**** DATA SECTION

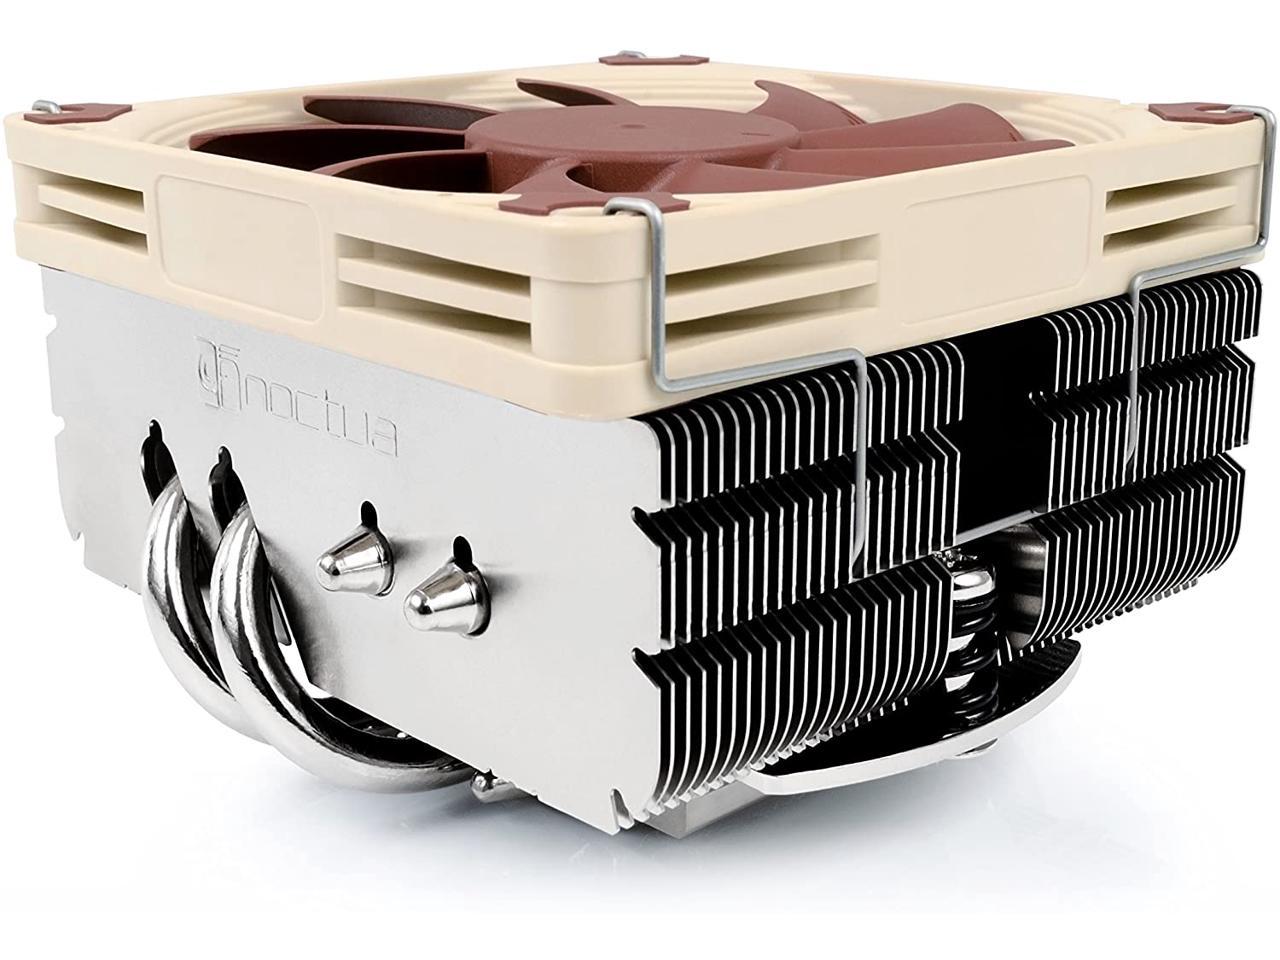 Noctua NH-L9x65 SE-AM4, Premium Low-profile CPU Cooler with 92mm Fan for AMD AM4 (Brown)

********
**** DATA SECTION

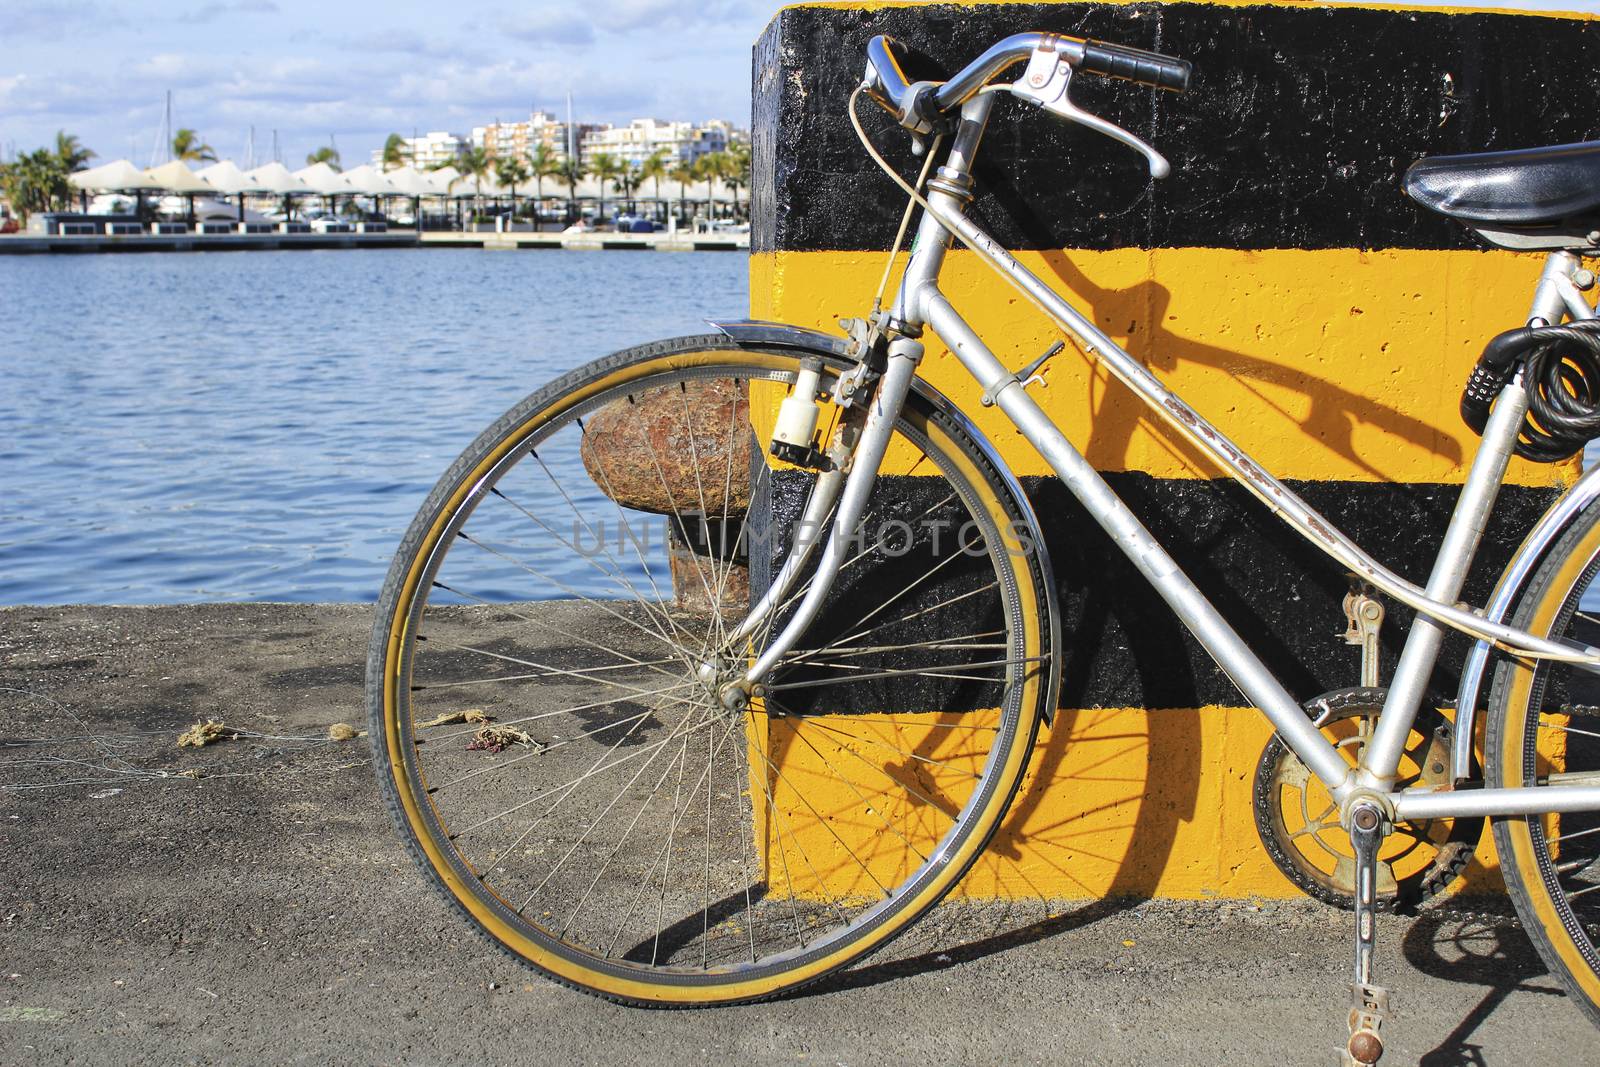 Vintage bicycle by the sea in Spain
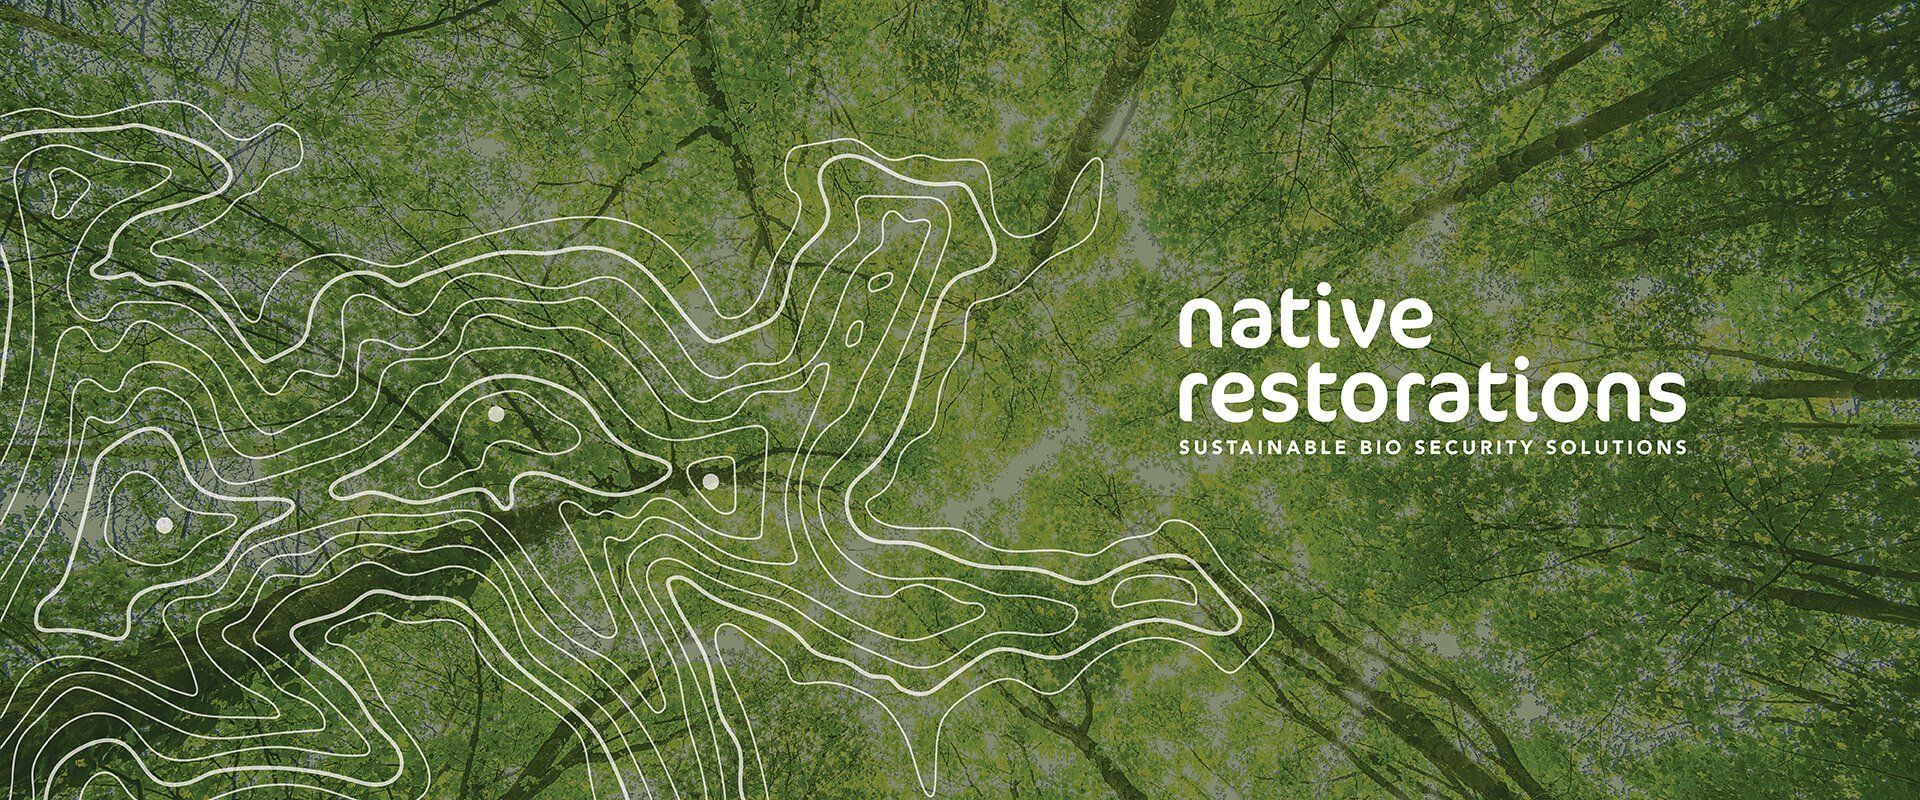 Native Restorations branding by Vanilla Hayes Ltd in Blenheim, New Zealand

********
**** DATA SECTION

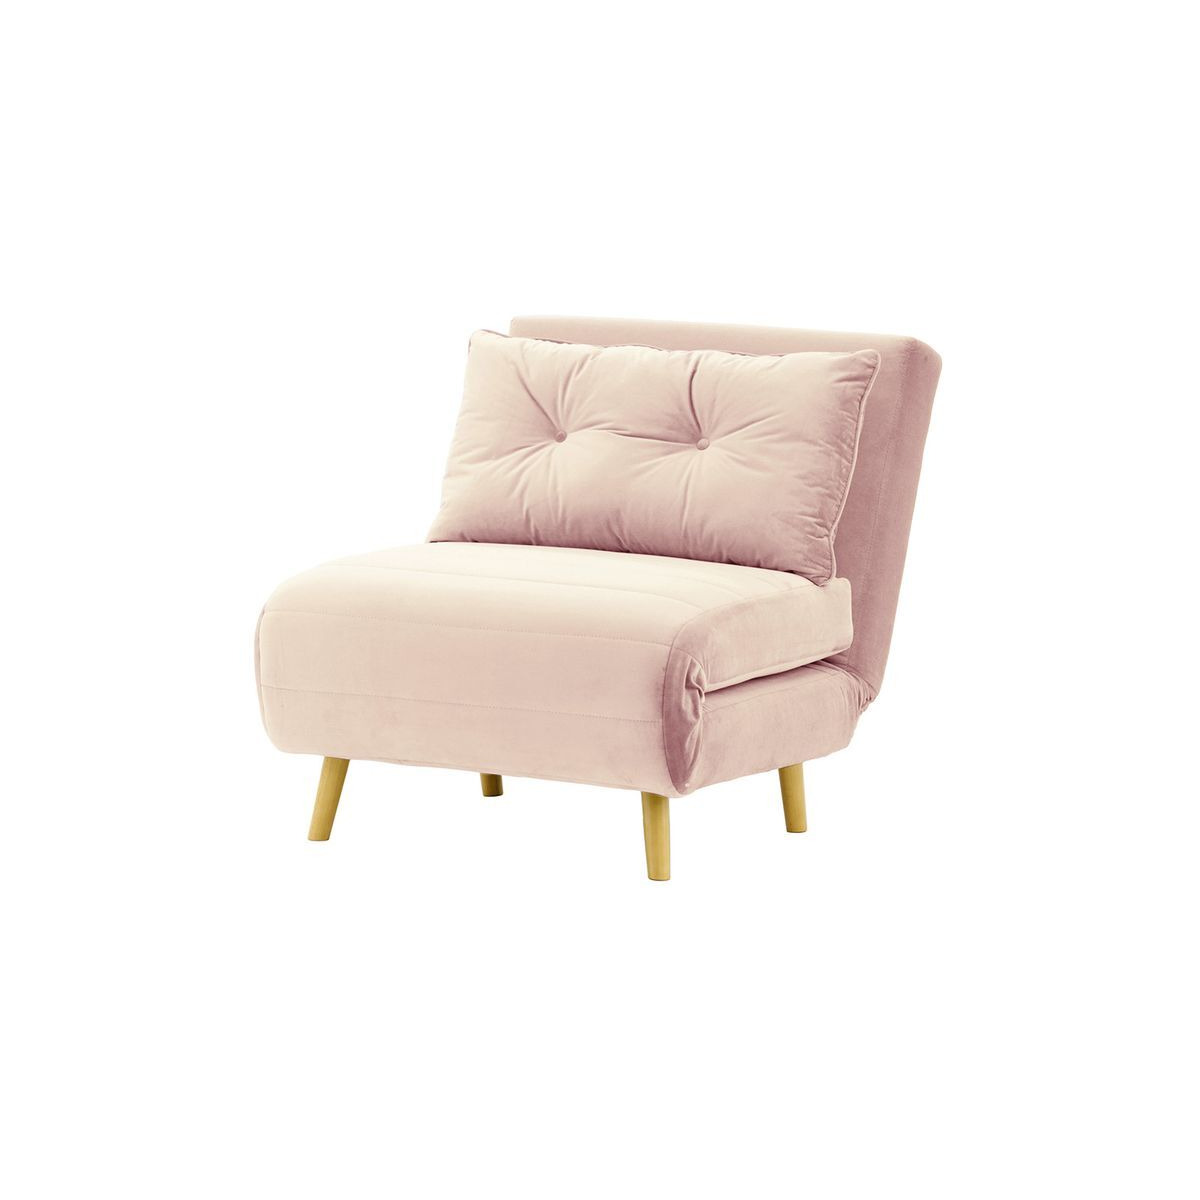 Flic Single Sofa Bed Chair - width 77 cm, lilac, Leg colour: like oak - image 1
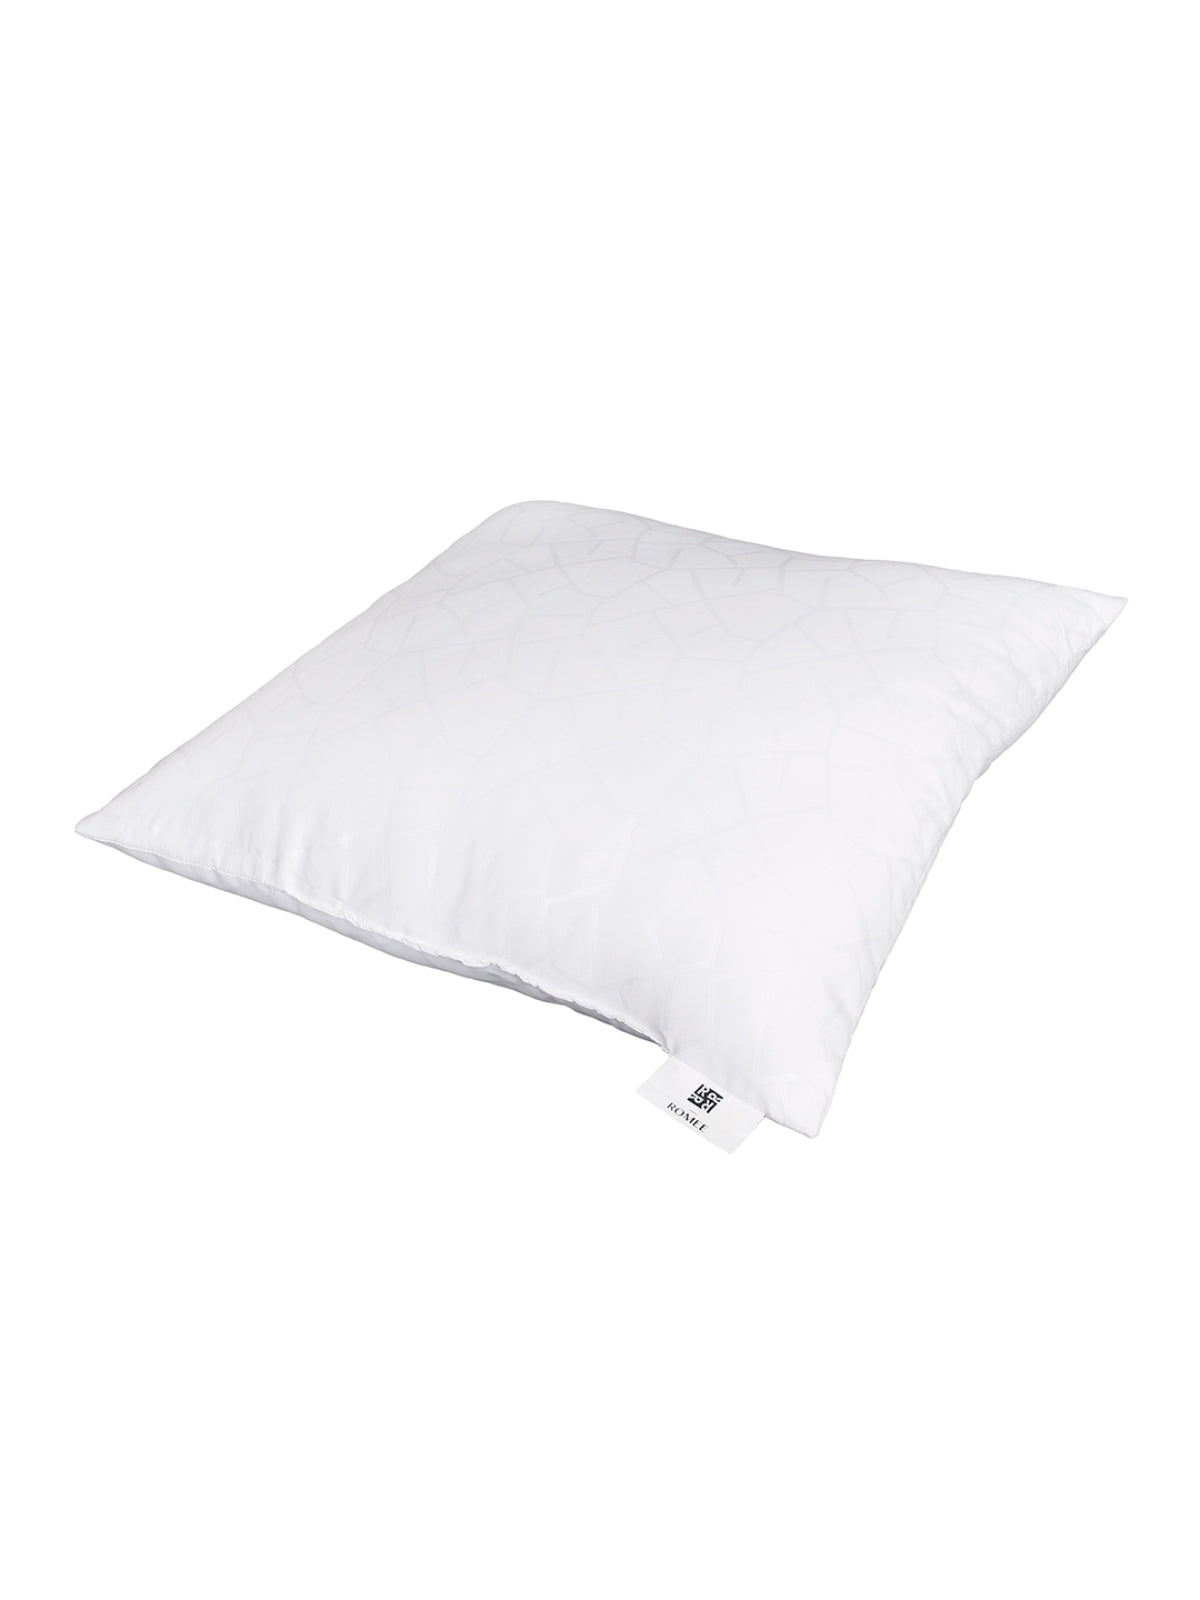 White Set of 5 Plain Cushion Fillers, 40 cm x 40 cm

********

• **TRY IT**
Although pictures appear among the records above, write out exactly only the lines from the one that has "Vintage bicycle by the sea in Spain" through the one that has "Native Restorations branding", and leave the pictures out.

• **OUTPUT FOR THIS EXERCISE**
 Vintage bicycle by the sea in Spain
 Native Restorations branding by Vanilla Hayes Ltd in Blenheim, New Zealand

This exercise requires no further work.